With the rise of platforms like WIX or Squarespace competition in the low price segments is much higher than ever before.
So my questions regarding this are:
1. Where do you see the limits of WordPress to use it as an enterprise CMS (compared to other CMS like Drupal)?
2. Shouldn't WordPress set it's main focus away from Blogging/small website more into the direction of a CMS for mid to large size websites (due to competition)?

Another thing I love about WordPress is the Rest API. Again with the use of Advanced Custom Fields you can provide a much richer user experience and bigger flexibility compared to other Headless CMS like Contentful or Prismic. And the best of all: It's open source. But again, WP is not really regognized in the industry as a Headless CMS. So my third question is: Are there any reasons why WP can't be the Headless CMS like Contentful or Prismic wants to be and what is your opinion about the use of WP as a Headless CMS?

Many thanks

Mario Peshev

Hey Ben,

I get the "security" talk - I've actually mentioned the white paper above answering Andrew's question since WordPress is fairly rock solid as compared to other platforms. The notorious perception comes from insecure themes and plugins, shared hosts running outdated WP versions, weak passwords and other things unrelated to WP alone.

1. WordPress can be and is used as an enterprise CMS by several large brands. Most big names are still resilient and avoid WordPress due to it's glory as a blogging platform or a CMS, but it's mature enough to support enterprise needs nowadays.

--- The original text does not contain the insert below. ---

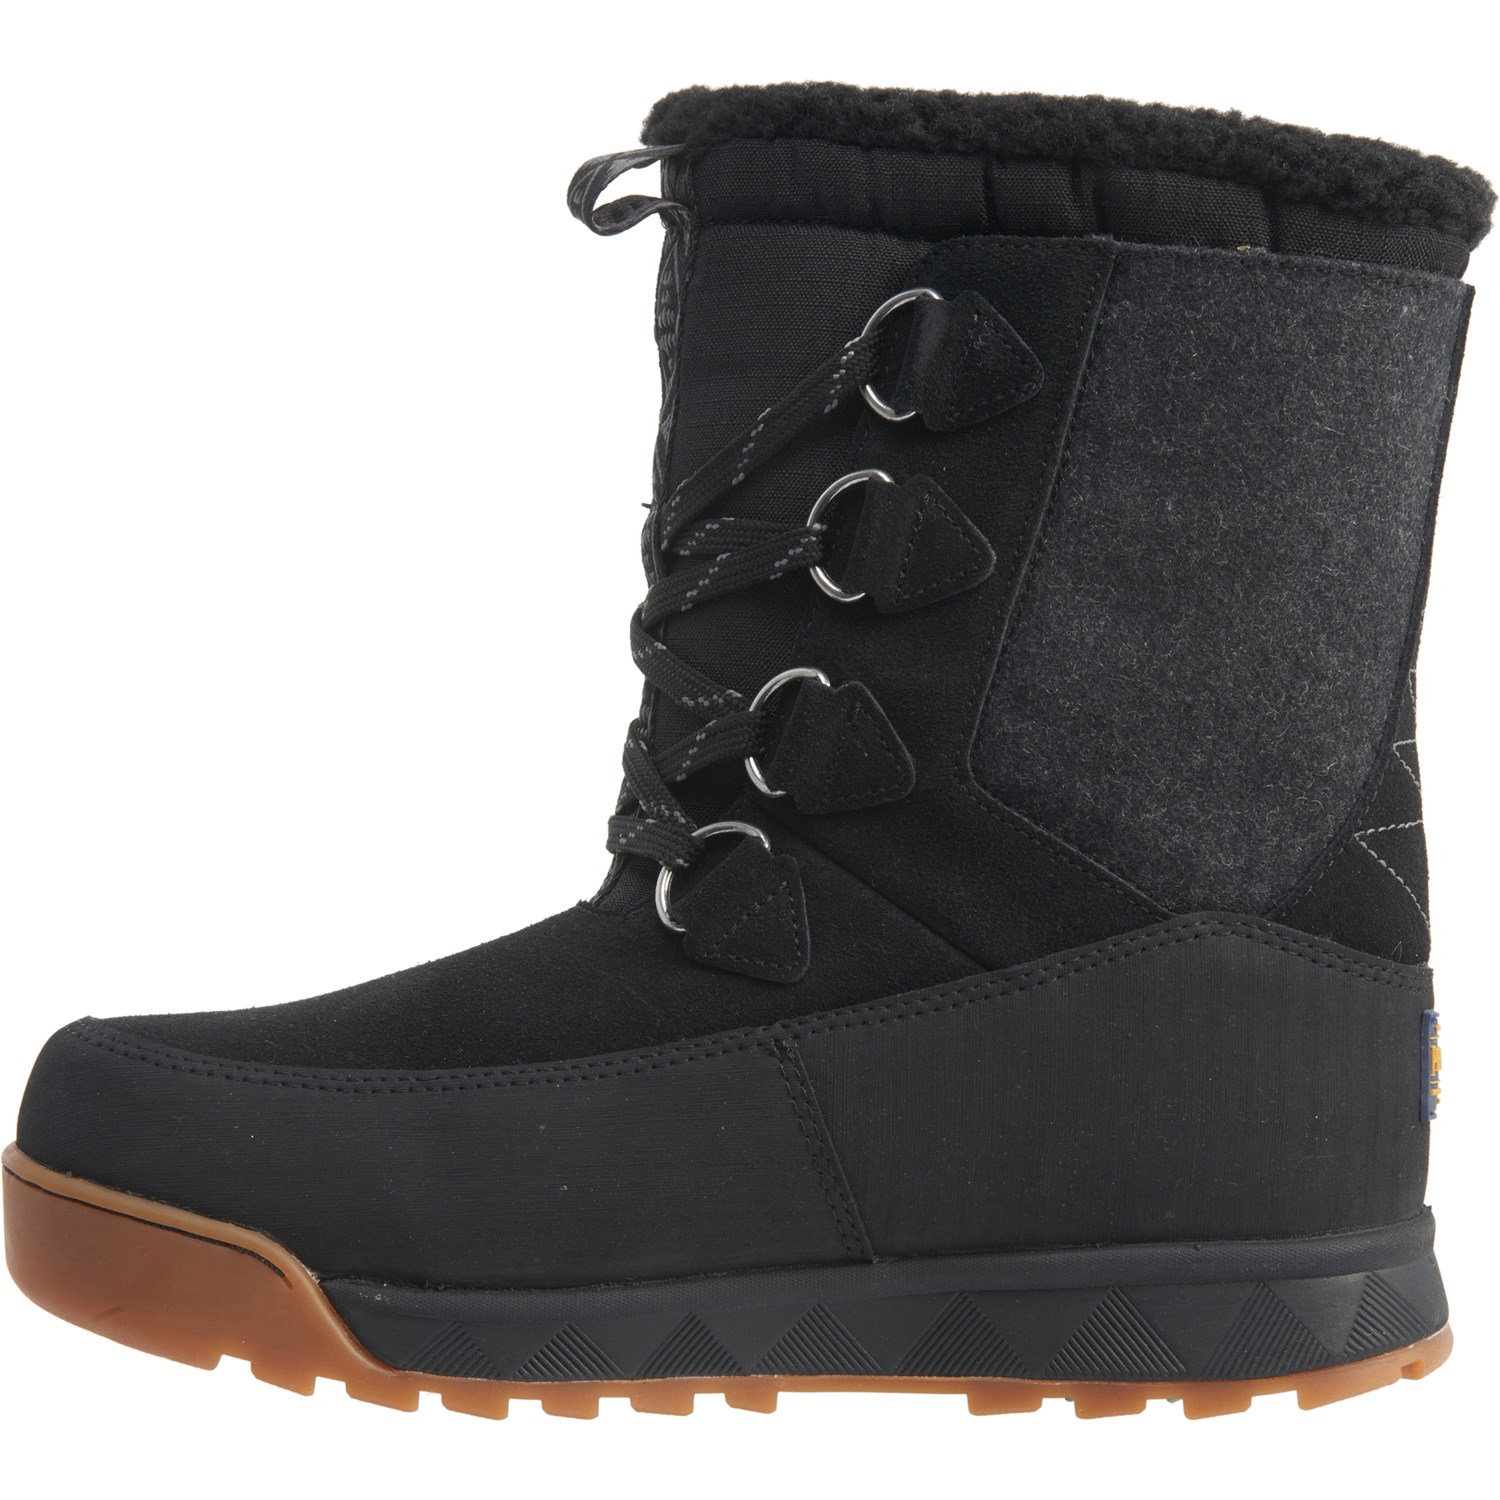 Pendleton Bay Trek Leather and Wool Snow Boots (For Women) - Save 52%

Mentioning ACF or WPML however is a bit tricky. While I like both plugins and used to work with the WPML team for a while, their target is a bit different and I can see performance challenges for high-scale websites running those (and other) plugins, without a lot of custom work or building specialized solutions solving those problems.

It's not that they won't solve a problem, but they aim the general purpose and add a ton of options that would satisfy the need of every small business out there. This leads to complicated architecture that can't always be scaled. I've mentioned custom database tables and other optimizations in my previous answers above.

2. Well, I think so too, but I don't think that this is the target of WordPress. WordPress relies on core values in its philosophy, one of them being "Design for the Majority" - wordpress.org/about/philosophy/ - and being able to solve the needs of everyone without breaking backwards compatibility and all is a major priority. That said, the less multi-purpose it is, the more limiting would it be (in its current form) for certain groups of users, and bloggers and SMB owners represent probably 90% or so of the user base.

3. I've just shared my thoughts in my comment to Andreas above re: modular WordPress. I'd love that - Drupal did that many, many years ago offering Core, Blog or CMS during install process (as I recall), and now they have Distributions that incorporate sets of modules, instead of bundling more into WordPress Core.

But I don't think that this would happen at all (or anytime soon), although we'll see.